Shamus Khan: My work is primarily within the areas of cultural sociology and stratification, with a strong focus on elites. I am the author of Privilege: The Making of an Adolescent Elite at St. Paul’s School (Princeton 2011); The Practice of Research (Oxford 2013, with Dana Fisher), and am completing Exceptional: The Astors, Elite New York, and the Story of American Inequality (Princeton, forthcoming). With Dorian Warren, I am the director of a Russell Sage Foundation working group on “The Political Influence of Economic Elites;” I also serve as the principal investigator on a Andrew W. Mellon Foundation project using the New York Philharmonic archives to uncover the character of their subscribers from the 1870s-present.  In addition to my primary focus, I also write in the areas of gender theory, deliberative politics, and research methodology. I recently served as an opinion columnist for Time Magazine and continue to write about sociology in the popular press.
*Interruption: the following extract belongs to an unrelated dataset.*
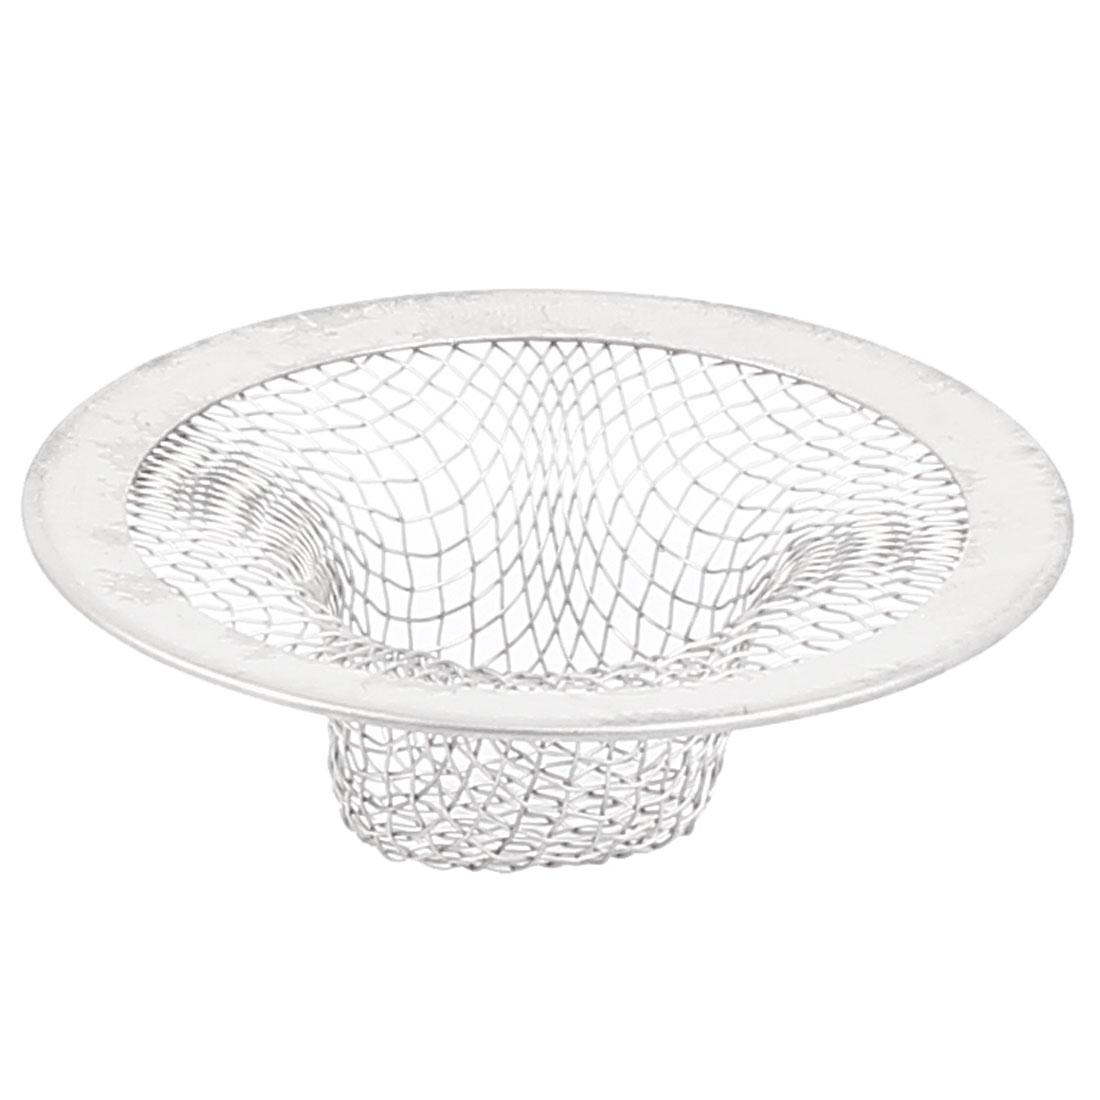 Kitchen Bath Basin Sink Strainer Mesh Filter Sieve Drain Net Silver Tone 55mm Diameter
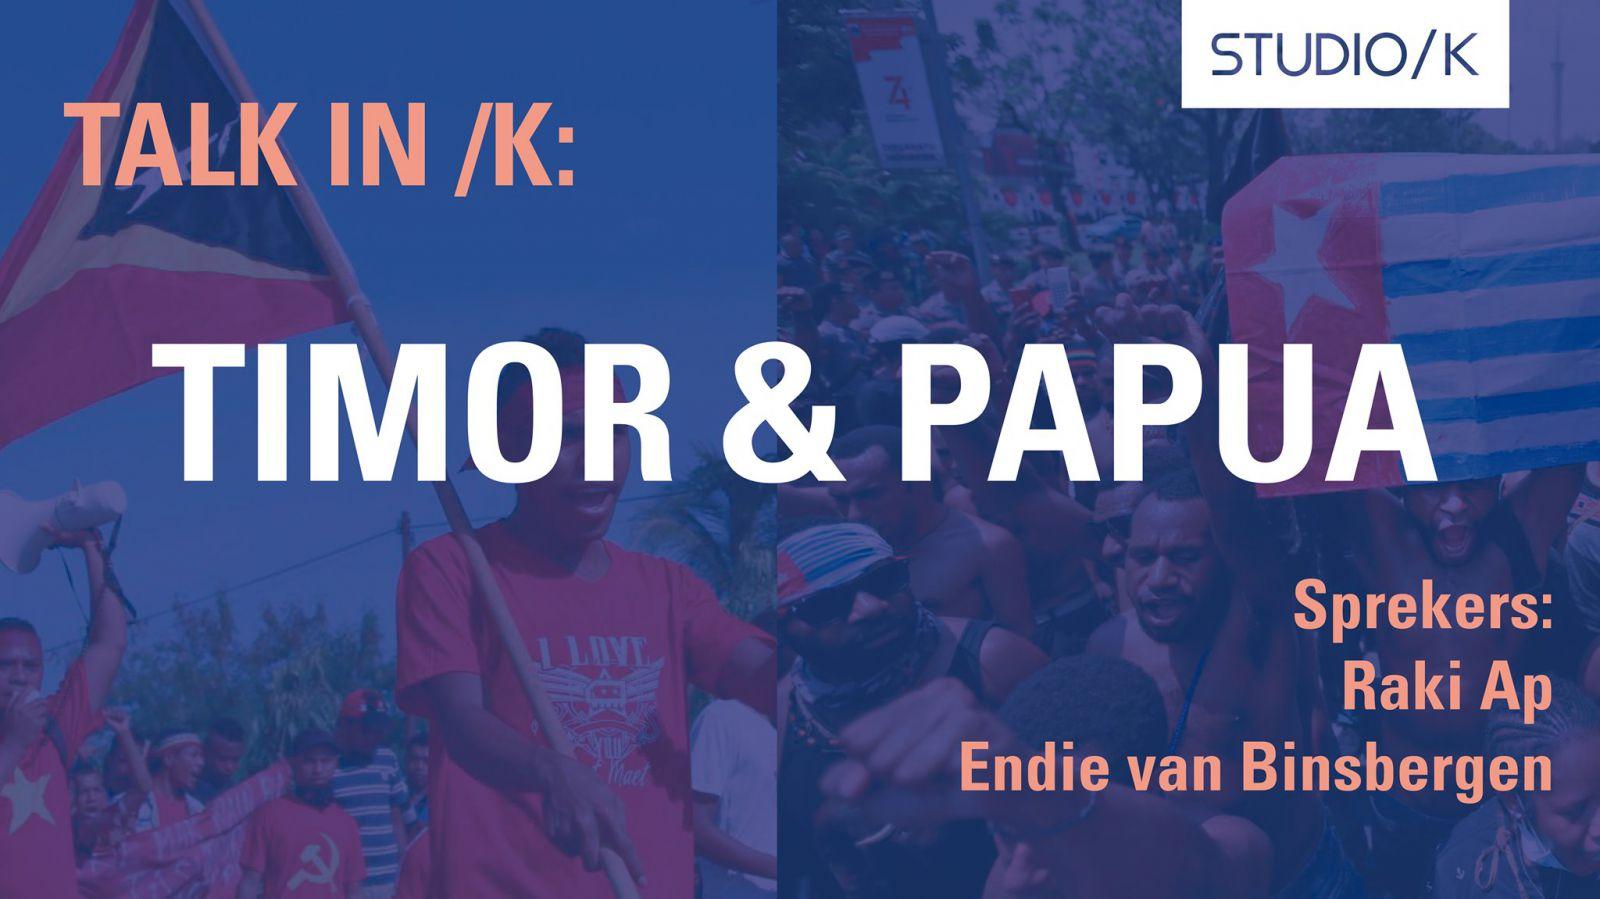 Talk in /K: Timor & Papua

Catherine J. Turco is the Fred Kayne (1960) Career Development Professor of Entrepreneurship and an Associate Professor of Economic Sociology and Work and Organization Studies at the MIT Sloan School of Management. Turco is an ethnographer and economic sociologist who studies cultural dynamics in organizations, occupations, and markets, with particular focus on the role of meaning in people's lives and work. Turco is the author of The Conversational Firm: Rethinking Bureaucracy in the Age of Social Media (New York: Columbia University Press). Her research has also appeared in the American Journal of Sociology and the American Sociological Review, and has been recognized with awards from the American Sociological Association. It has been covered by The Wall Street Journal, The Boston Globe, CNN, and Fortune. Prior to entering academia, Turco worked as a technology investment banker and then in the software industry, where she managed a corporate venture fund. She has consulted to a number of organizations on issues of corporate strategy and culture. Turco received her BA in economics from Harvard College, where in addition to her studies, she was president of Harvard Student Agencies/Let’s Go Inc., a 1,000-person company. She received her MBA from Harvard Business School, where she was a Baker Scholar. She received her MA and PhD in sociology from Harvard University, where she was a Presidential Scholar.